Top of DATA FOR THE TASK

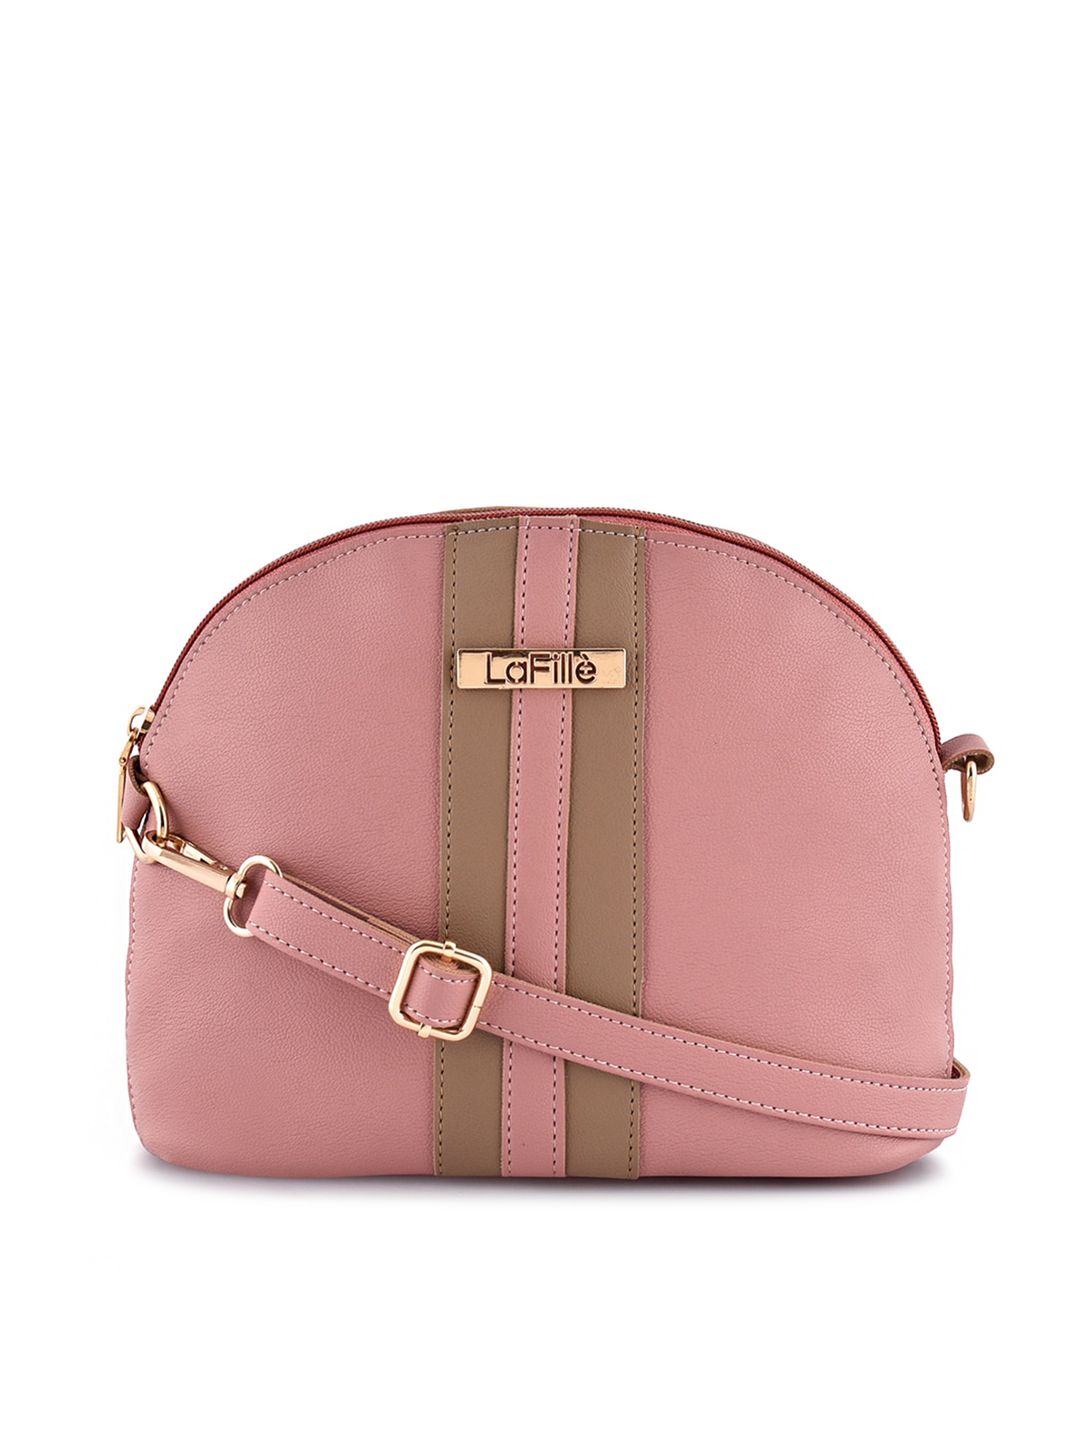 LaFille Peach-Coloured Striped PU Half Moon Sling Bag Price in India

Bottom of DATA FOR THE TASK
Top of DATA FOR THE TASK

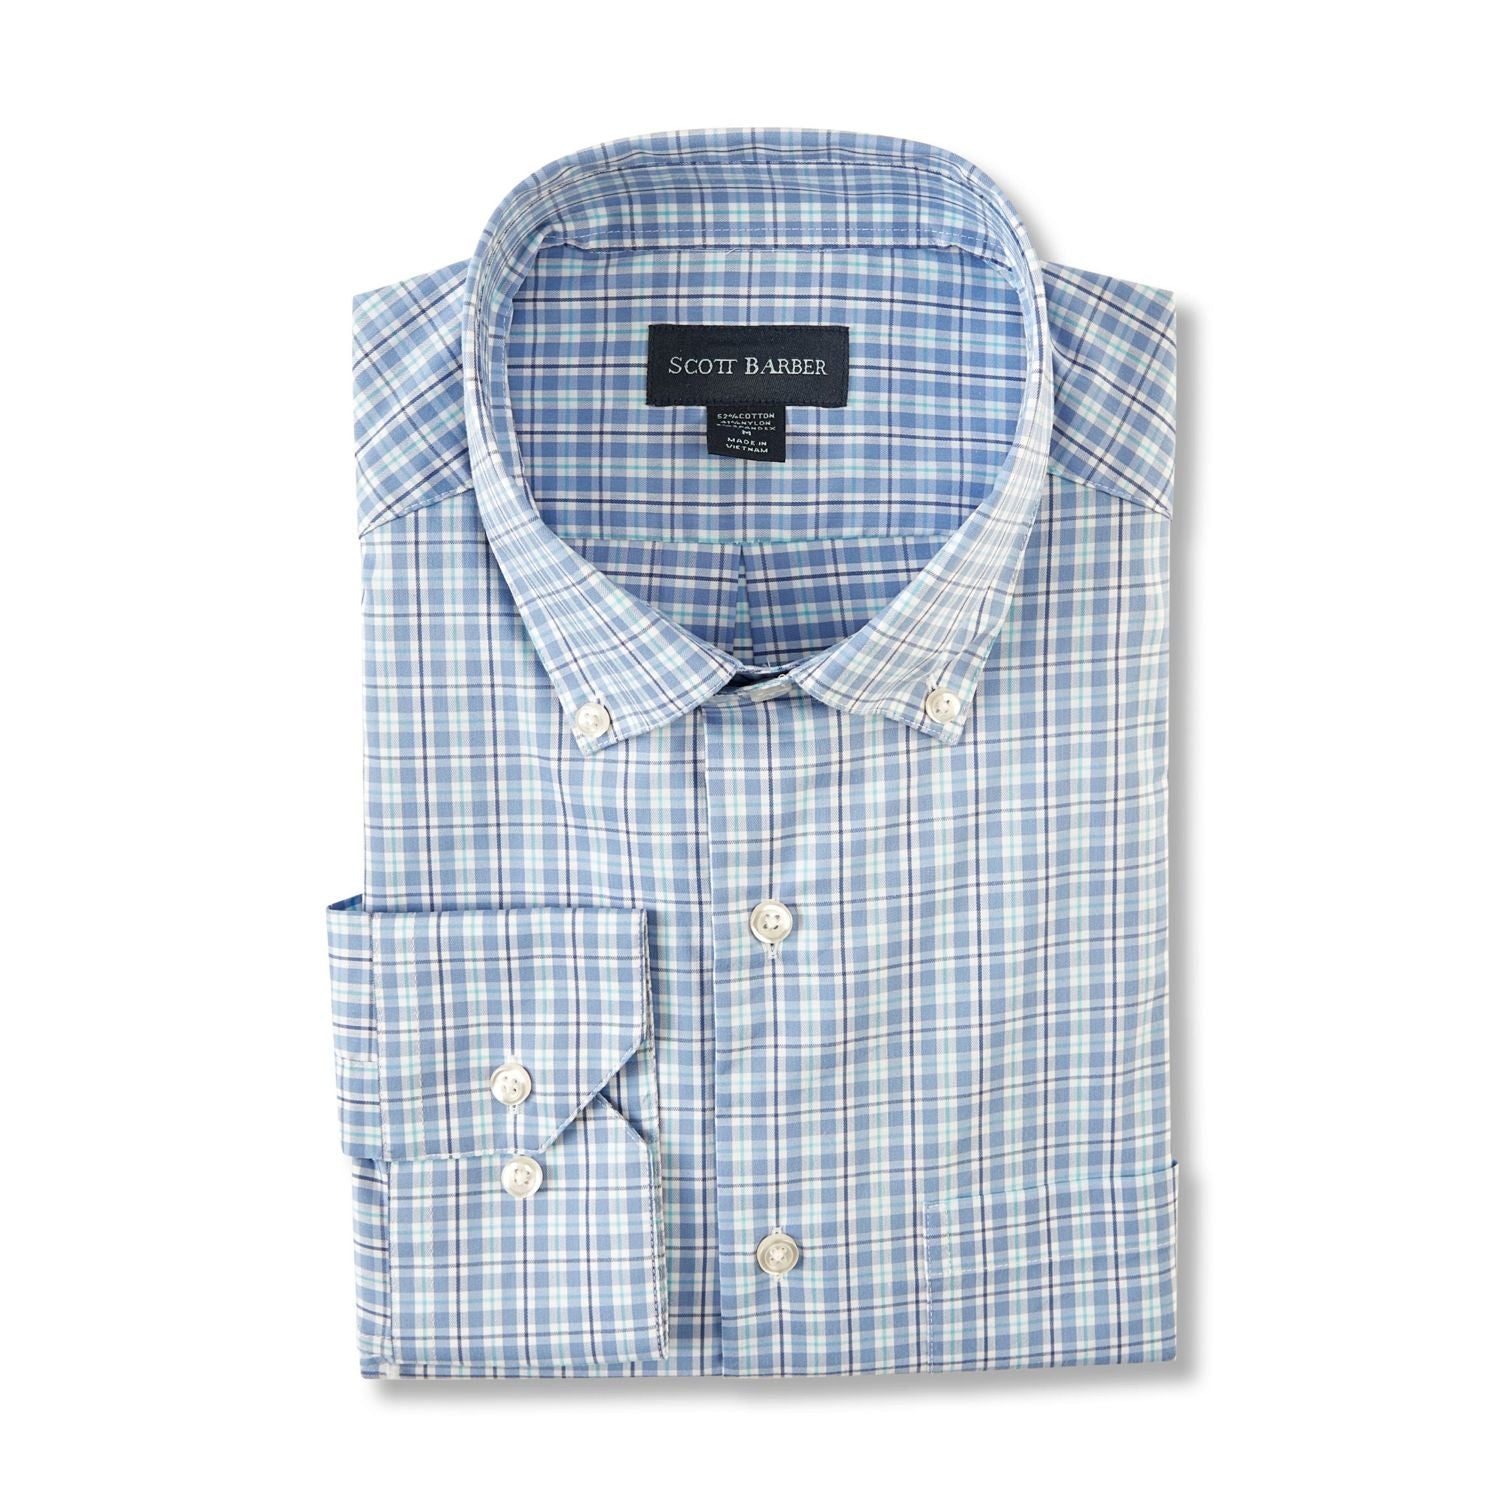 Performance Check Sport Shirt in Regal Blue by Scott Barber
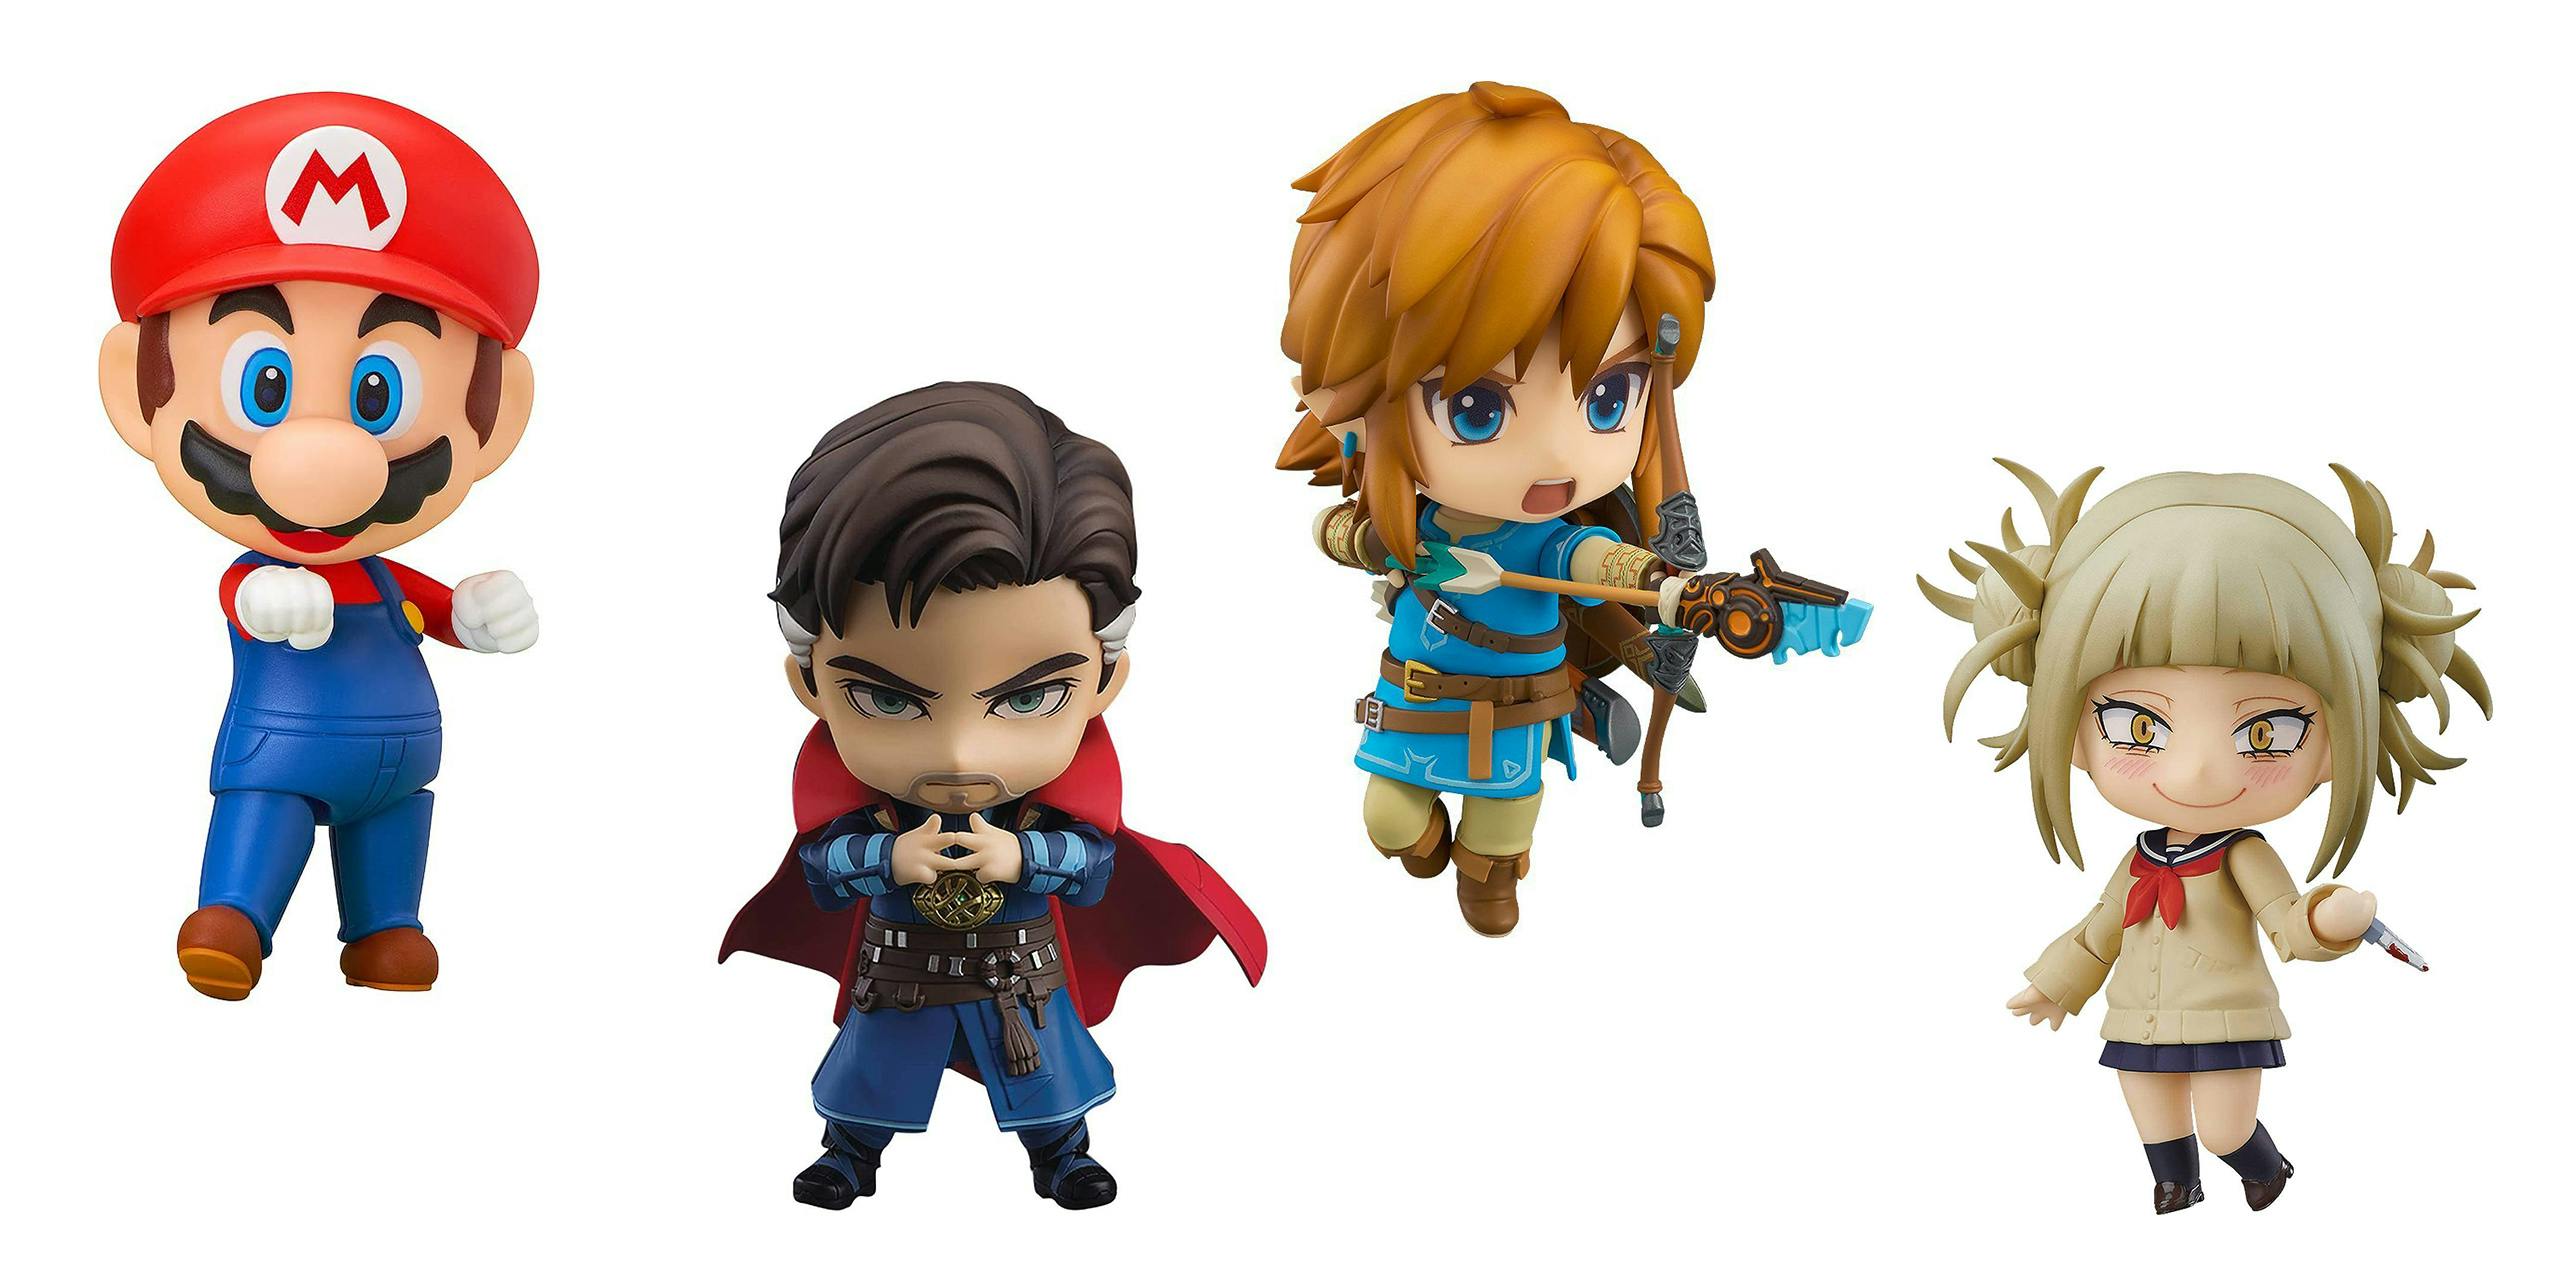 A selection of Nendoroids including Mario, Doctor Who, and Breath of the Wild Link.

Bottom of DATA FOR THE TASK

### WORK REQUEST
In the listing above, find the line containing "Performance Check Sport" and the line containing "A selection of", then write out both of them and every line between, exactly, with no pictures.

### TASK RESPONSE
 Performance Check Sport Shirt in Regal Blue by Scott Barber
 A selection of Nendoroids including Mario, Doctor Who, and Breath of the Wild Link.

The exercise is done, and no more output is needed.